● **TASK OBJECTIVE**
Restate word for word the part of the material that runs from the line containing "54x70cm Hat Yazısı" through its final line, inclusive, minus the pictures.

● **GIVEN INFORMATION**

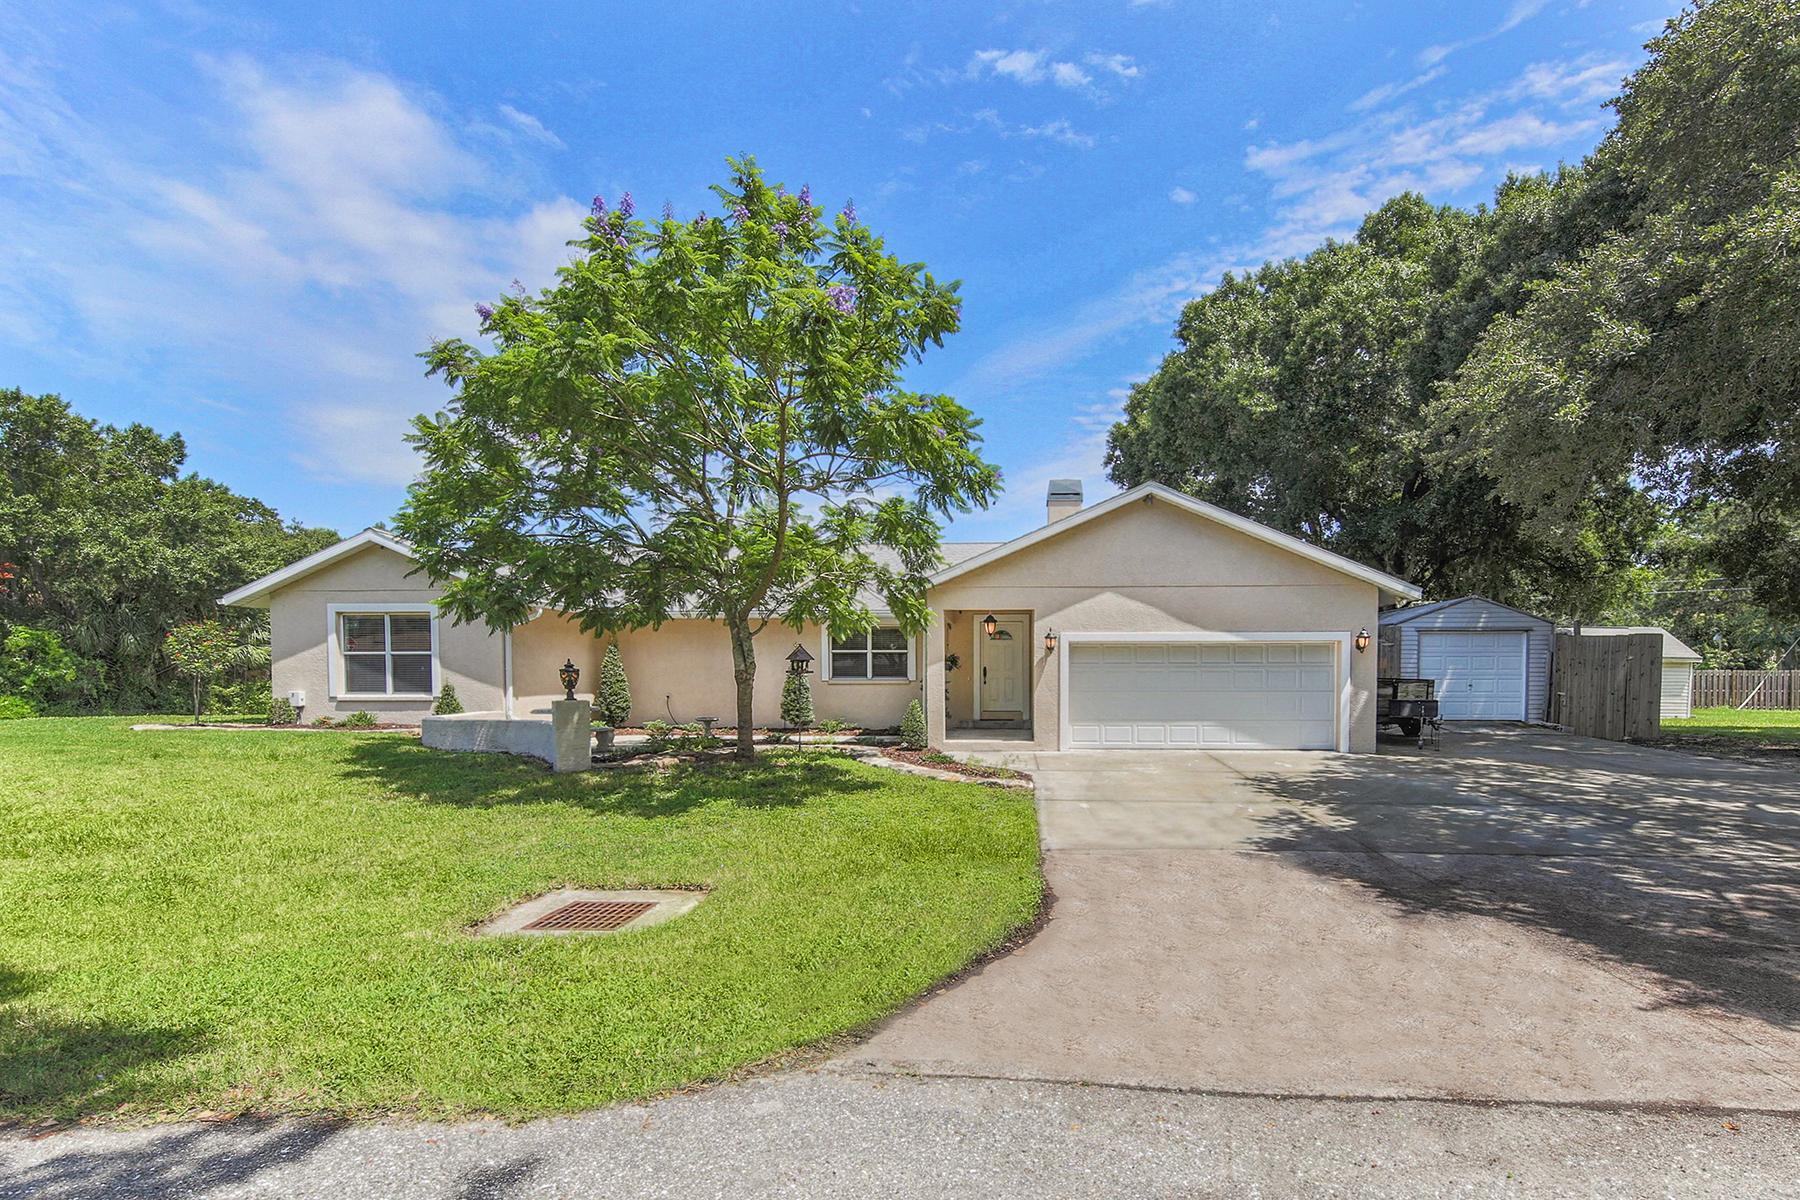 Частный односемейный дом для того Продажа на SOUTH VENICE 264 Oberlin Rd Venice, Флорида, 34293 Соединенные Штаты
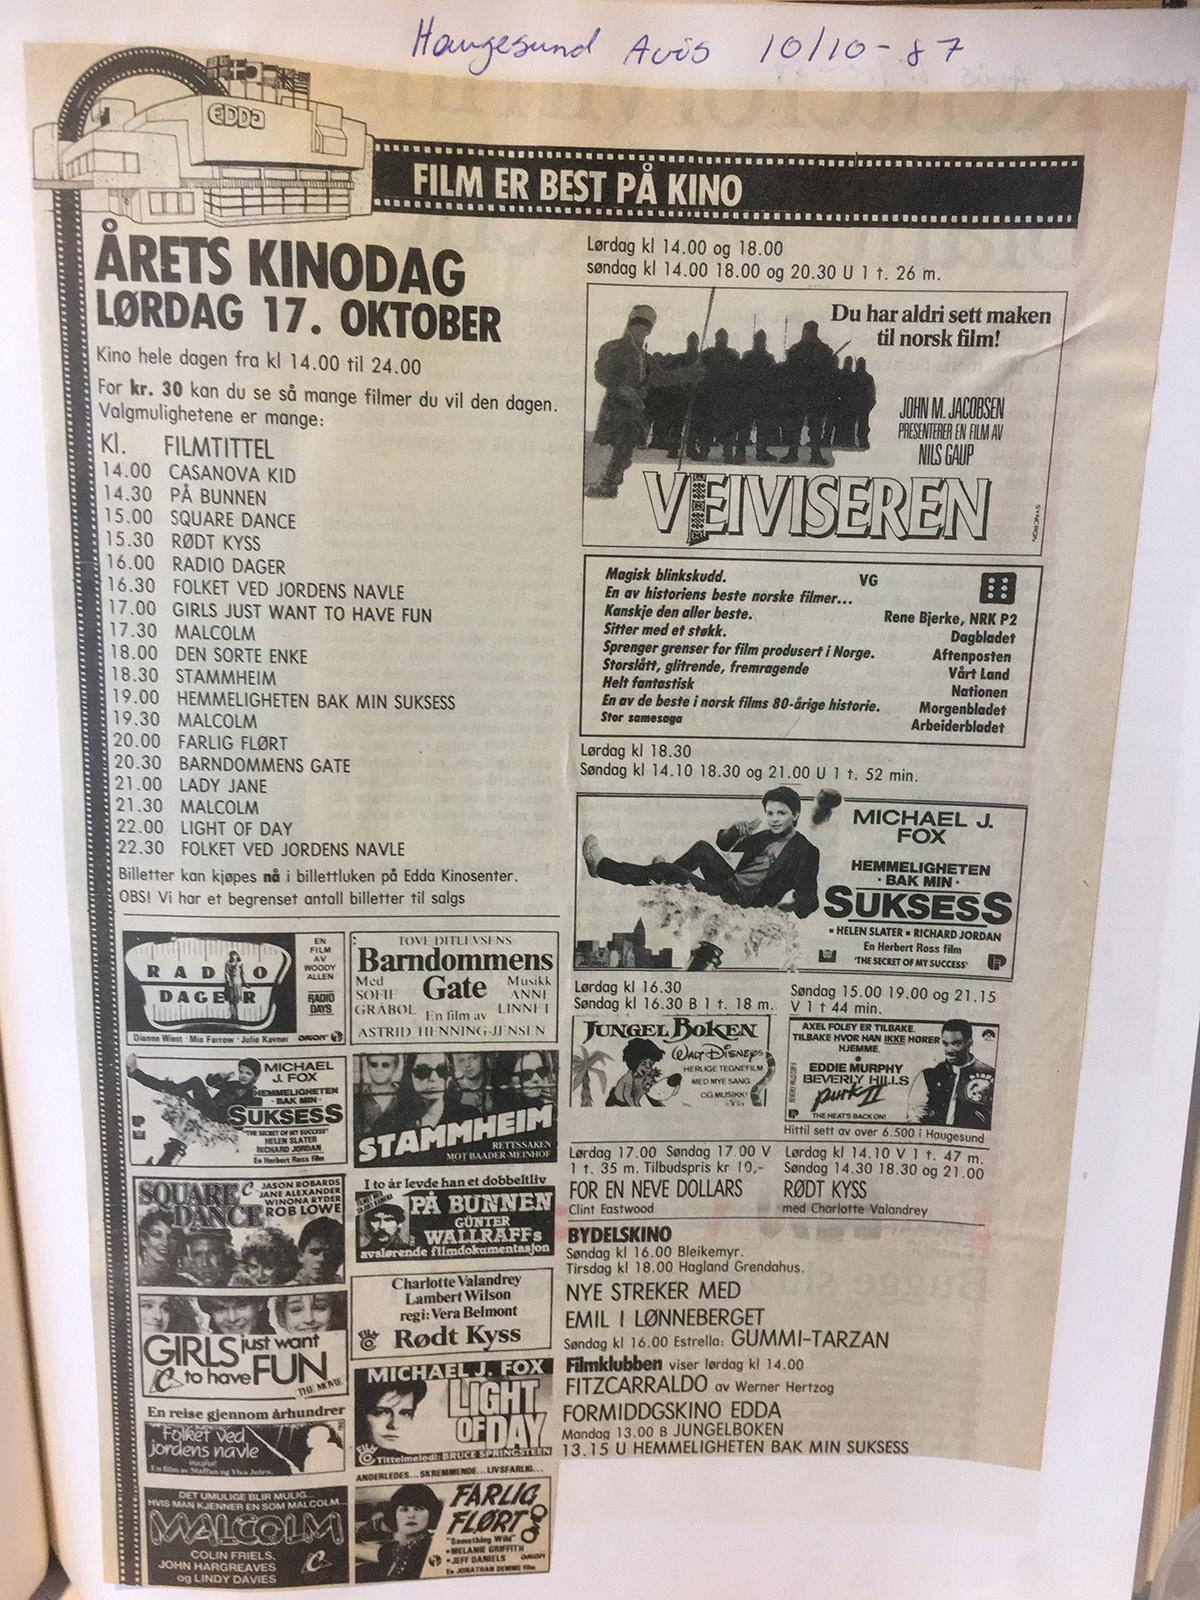 DEN FØRSTE KINODAGEN: Lørdag 17.10.1987. Her annonsen fra Haugesunds Avis.
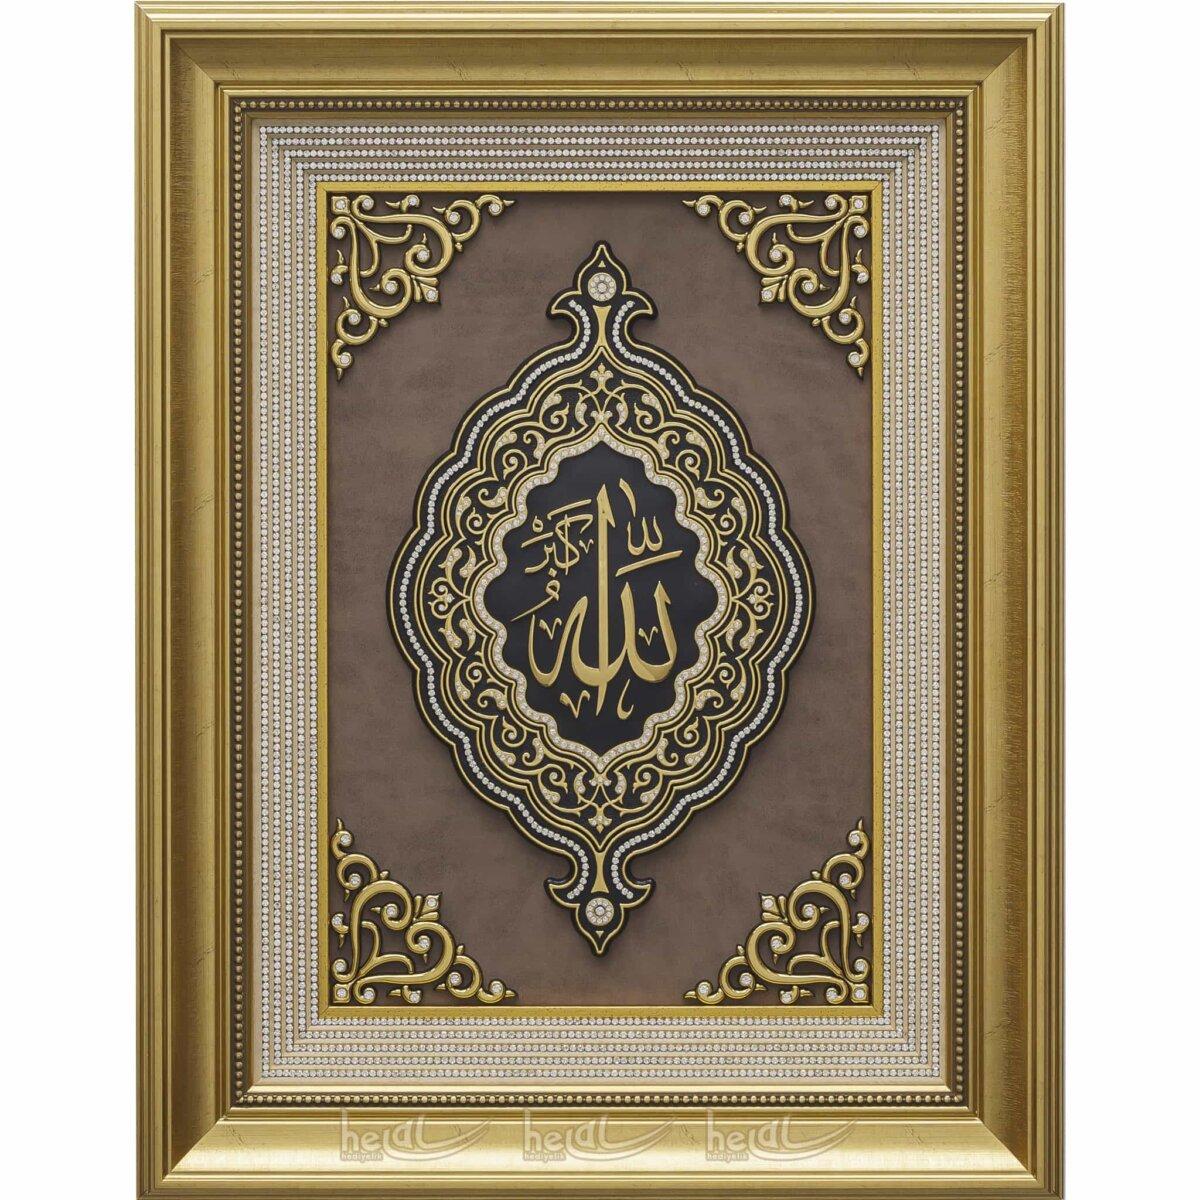 54x70cm Hat Yazısı İsmi Celil-Allah cc. Lafzı Selçuklu Modeli Paspartusu Taşlı Büyük Çerçeve Tablo Ayetli Tablolar
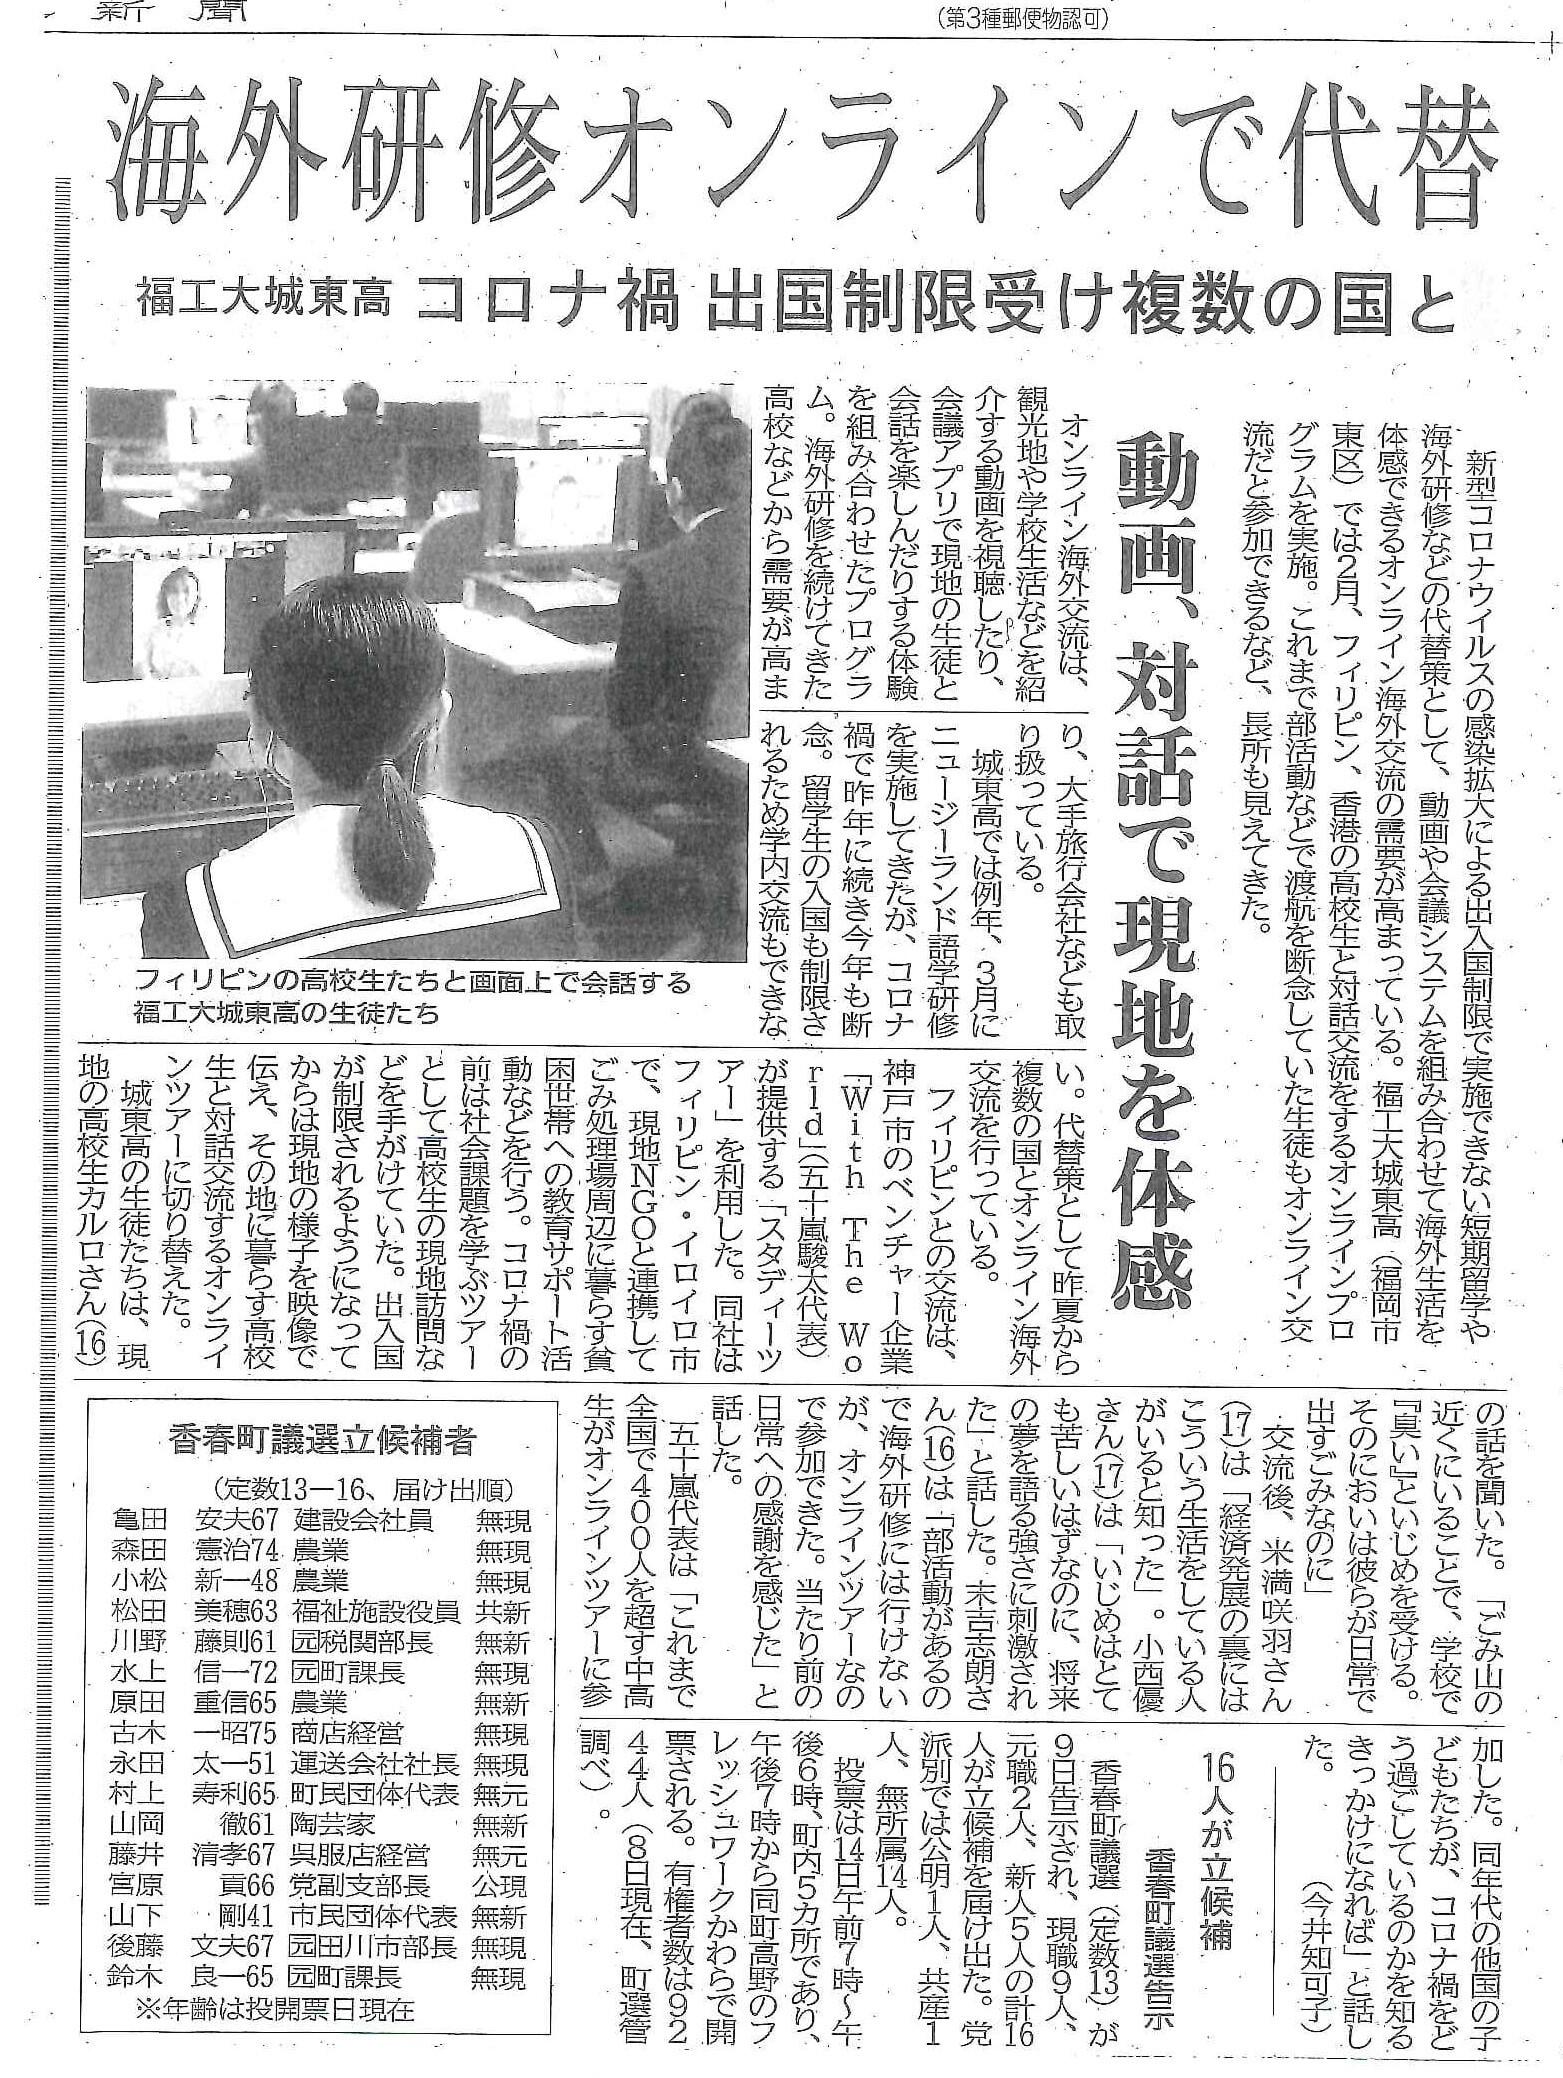 西日本新聞掲載 WithTheWorld

● **EXERCISE RESPONSE**
 54x70cm Hat Yazısı İsmi Celil-Allah cc. Lafzı Selçuklu Modeli Paspartusu Taşlı Büyük Çerçeve Tablo Ayetli Tablolar
 西日本新聞掲載 WithTheWorld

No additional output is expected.